Systematic review and meta-analysis of clinical efficacy of drug therapy for acute myelogenous leukemia

Introduction

Acute myelogenous leukemia (AML) is a type of malignant blood disease that seriously endangers people’s health. The incidence of AML increases with the increase of age, and the incidence of AML is about 5.06/100,000 in European countries and American (1). The incidence of leukemia, in European and American countries is about 5.06 per 100,000. In the past 20 years, the prognosis of AML patients younger than 65 years old has greatly improved, due to progress in diagnosis and prognosis stratification, the improvement of supportive treatment, and the finding of a solution to the worldwide problem for the lack of donor sources for allogeneic hematopoietic stem cell transplantation (2).

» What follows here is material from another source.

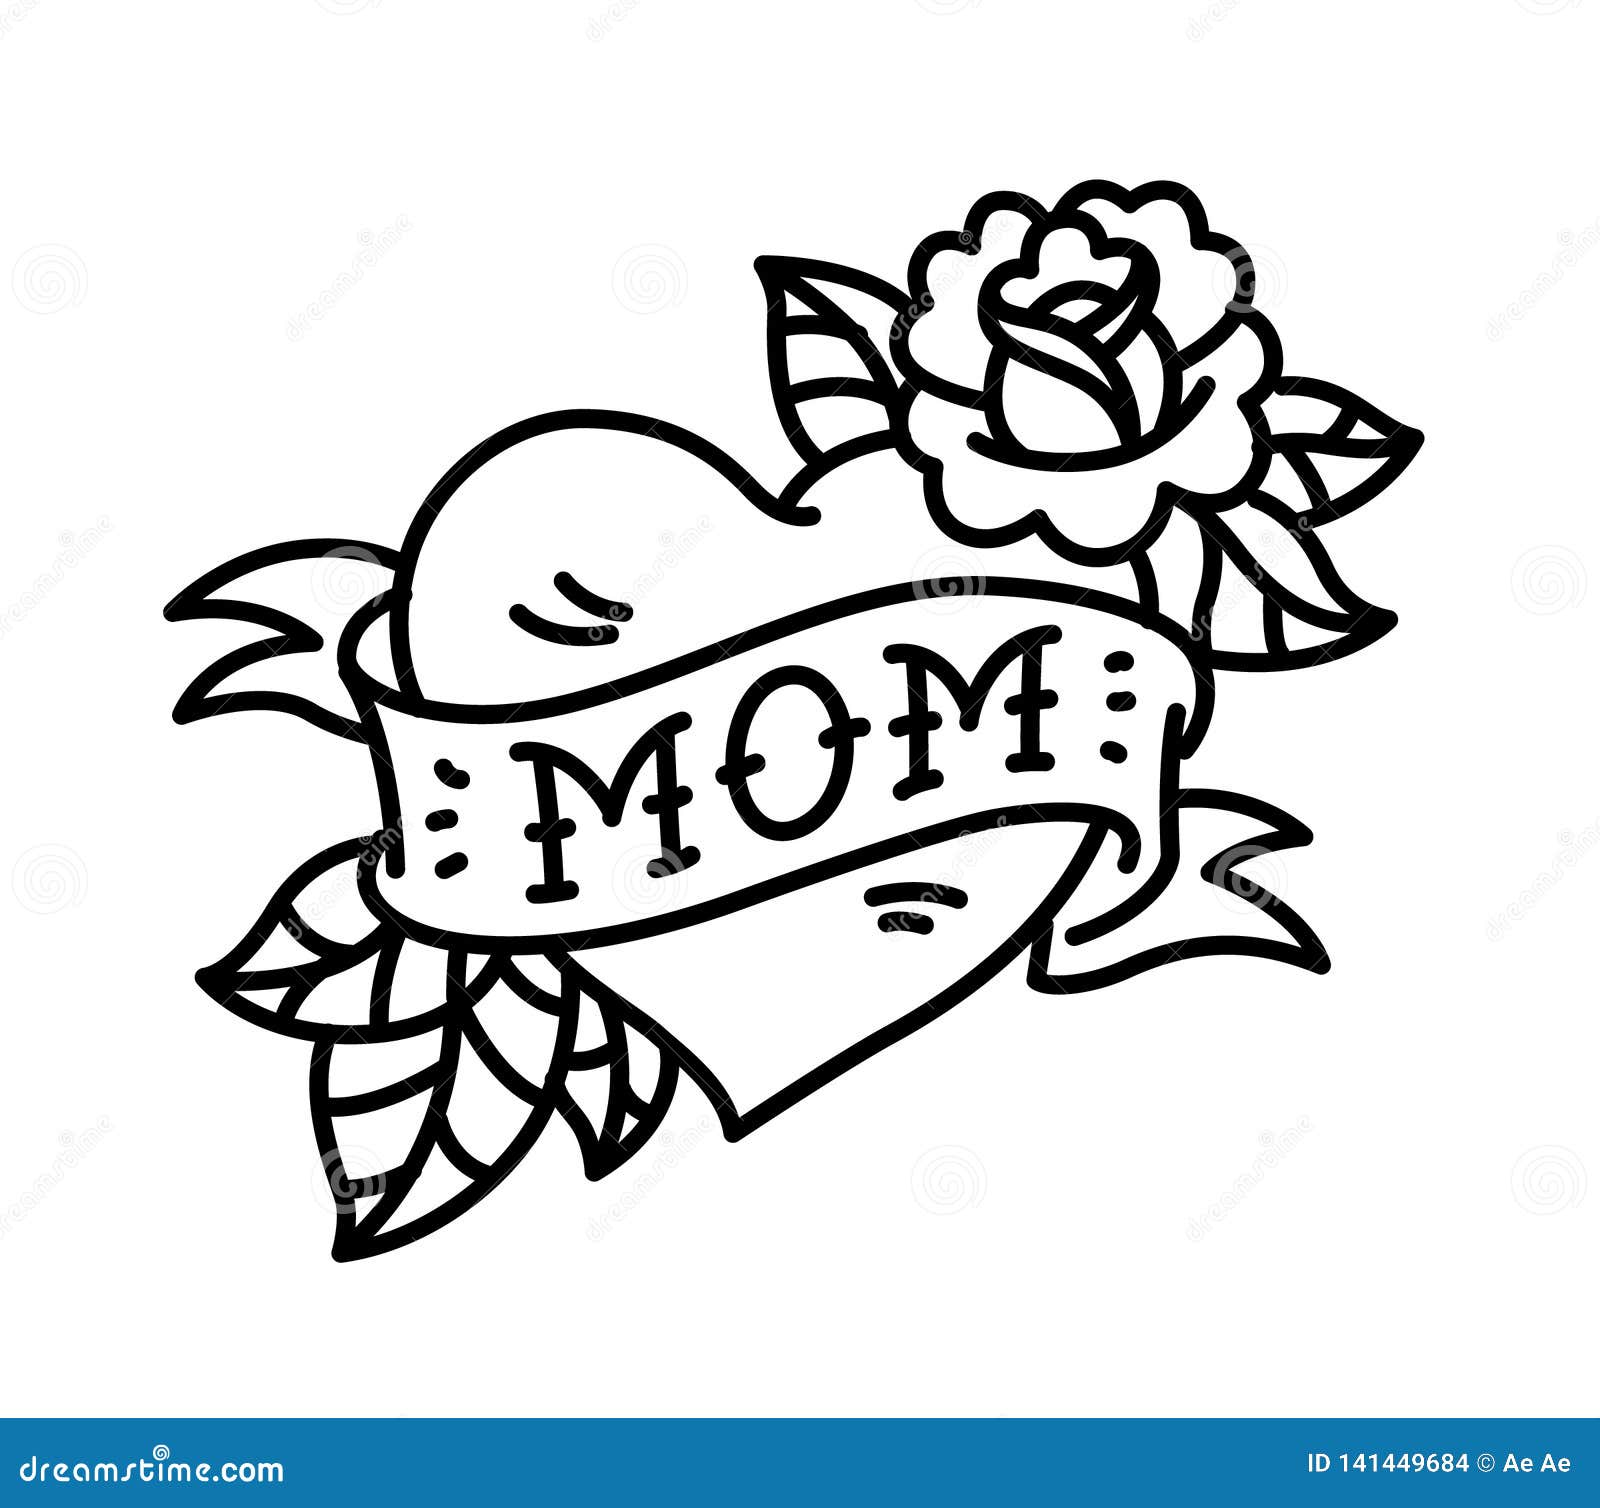 40 Traditional Mom Tattoo Designs For Men  Memorial Ideas

The pathology of leukemia is mainly manifested by a decrease in the production of red blood cells, which leads to abnormal changes in the quality and quantity of white blood cells, and an abnormal increase in their number. It also causes infiltration into various organs and systems of the human body which damages the normal function of those organs. The main types of leukemia are acute lymphocytic, acute myeloid, chronic lymphocytic, and chronic myeloid; among which, chronic myeloid leukemia accounts for about 70% of all leukemias. Although standardized chemotherapy or hematopoietic stem cell transplantation can substantially improve the treatment effect of AML, the recurrence of most patients is still a difficult point in its treatment. Chemotherapy combined with immunotherapy is considered to be the most promising treatment, but the immune escape that easily occurs in the course of immunotherapy has become an important factor affecting the effect of leukemia treatment. Patients with leukemia can only be in complete remission before undergoing an autologous transplant. More and more evidence suggested that standardized diagnosis and prognostic stratification are the prerequisites and bases for selecting precise treatments and recurrence interventions for patients with AML (3).

In the 1980s, a randomized Eastern United States Oncology Cooperative Group study included maintenance drug therapy for the first time in a study of AML. This study compared patients who did not receive further medication to those who received long-term maintenance medication for 2 years. The results showed that the remission time of patients who did not receive maintenance medication was 4.1 months, which was substantially shorter than that of patients who received maintenance medication, and had a remission time of 8.1 months (P<0.05) (4). However, with these results, it was difficult to determine whether a drug-based treatment strategy was beneficial to the prognosis of patients with AML (5).

In recent years, the incidence of AML has gradually increased, and the curative effect has been poor (6). At present, common drug treatments for AML include fludara + cytarabine + granulocyte colony-stimulating factor (G-CSF) (FLAG), cladribine + cytarabine + G-CSF (CLAG), aclacinomycin (ACR) and G-CSF (CAG), and hyaluronic acid + anthracycline (HAD) (7-9). Among these drug treatments, cytarabine combined with anthracycline therapy is the main treatment plan for AML. Currently, the physical fitness scores many elderly people gradually reduce due to the increase in the resistance rate to conventional chemotherapy and the mutation rate of drug-resistant genes, and they eventually die due to disease recurrence or complications (10). The efficacy of drug treatment programs remains highly controversial, and to date, no relevant systematic evaluation has been undertaken of these programs.

At present, drug therapy for acute myeloid leukemia is widely used in clinical practice, but the efficacy of drug therapy is still controversial, and there is no relevant systematic evaluation for the time being. What is innovative about this study is that after a large number of relevant literature on various drug therapy regimens were collected, meta-analysis was used to compare the clinical efficacy of drugs in the treatment of acute myeloid leukemia published since the establishment of the database with other therapeutic methods, to provide a theoretical basis for drug treatment of acute myeloid leukemia.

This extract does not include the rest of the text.